Posted: 07 Aug 2016, 10:15
by rednoah
1.
Did you mean something like this? Works fine as far as I can tell:
Code: Select all
{def x = readLines('/path/to/file').find{ it =~ imdbid }.after(':'); 'Collections/'.concat(x)}

You are the first person to ever use block labels in format expressions... I completely forgot Java/Groovy even had those:
Code: Select all
MC:{readLines('P:/collections.txt').find{ it =~ imdbid }.after(':')}
@see
http://groovy-lang.org/semantics.html#_ ... statements
3.
Do you have any logs or examples? You can make FileBot dump all the network responses to the log if you enabled it with the
Developer Options / Java System Properties so you can see what exactly the database is sending back.
Re: Where do I find all the documentation?
Posted: 07 Aug 2016, 11:27
by Wolfie
1. When I would try it, it wouldn't take. The 'def' would be before the A: block, which could have something to do with it.
2. I was sort of forced into it. Without them, it fusses at me with an error message and tells me to use them.
3. Will have to make a log.
Re: Where do I find all the documentation?
Posted: 07 Aug 2016, 11:50
by Wolfie
Okay, enabled the options in the filebot.l4j.ini file, cleared the cache, then ran it.

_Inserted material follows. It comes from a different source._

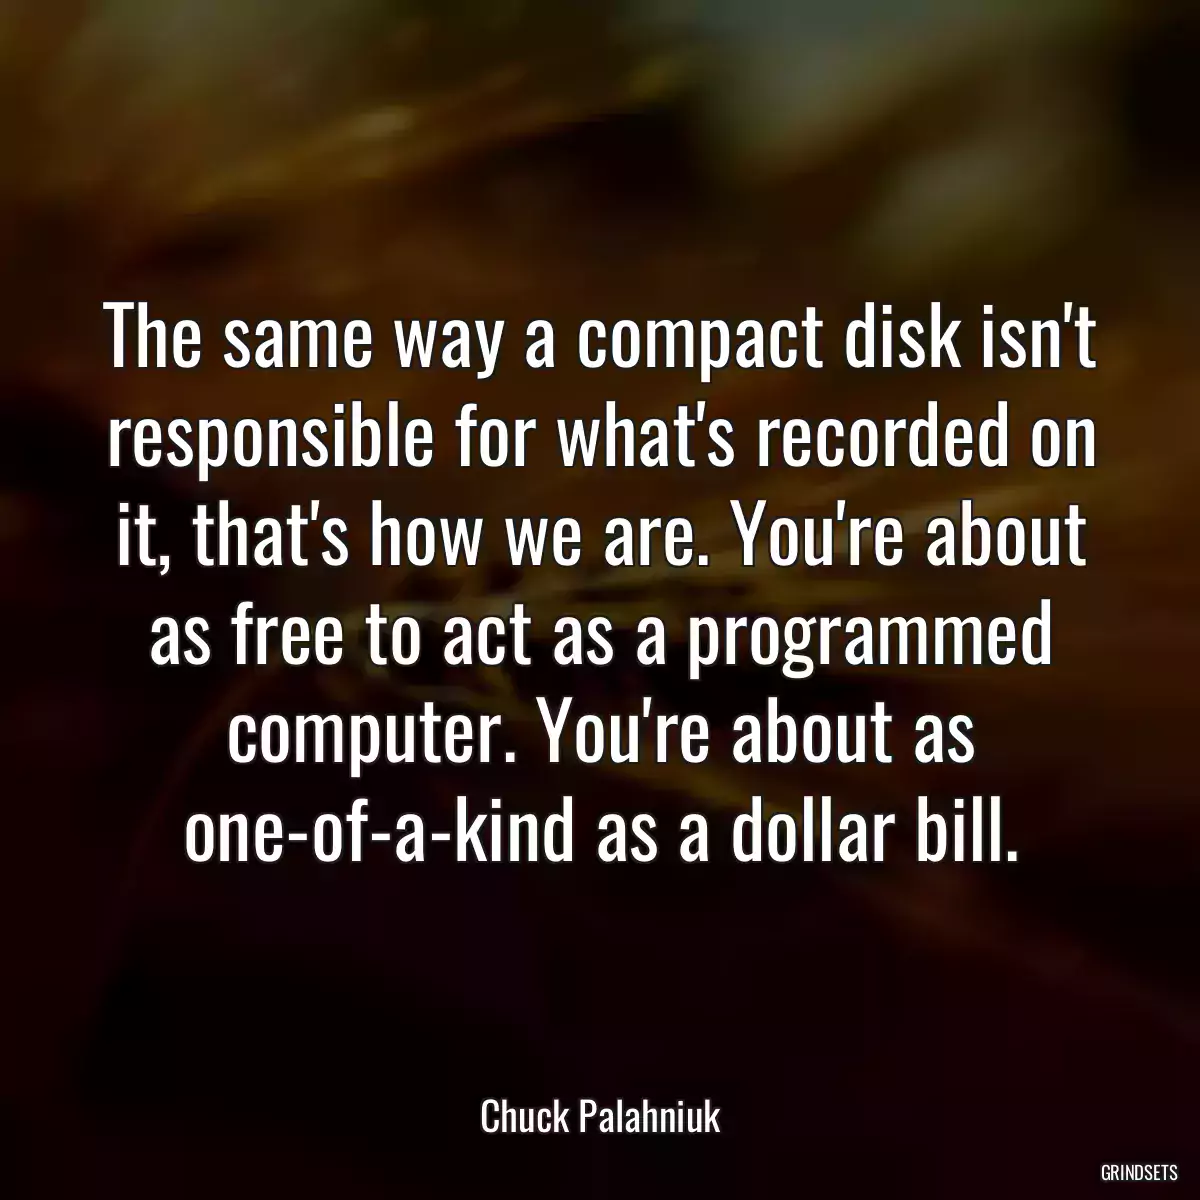 The same way a compact disk isn\'t responsible for what\'s recorded on it, that\'s how we are. You\'re about as free to act as a programmed computer. You\'re about as one-of-a-kind as a dollar bill.

Loaded it up, it showed the check for the latest version. Went to 'edit format' and it showed the response (from omdb?) for the file it had marked as the guinea pig. When I clicked the button to choose a new file, a lot of scrolling happened, but with information on the same file. When I pick a file that failed previously, nothing happens. When I pick another file (all while remaining in the "movie bindings" dialog box), data would scroll. So, seems as though certain files just aren't getting a response (or aren't sending requests).
It works just fine when trying to do matches for renaming, which is where it truly counts. It's just the 'bindings' area that it's being weird.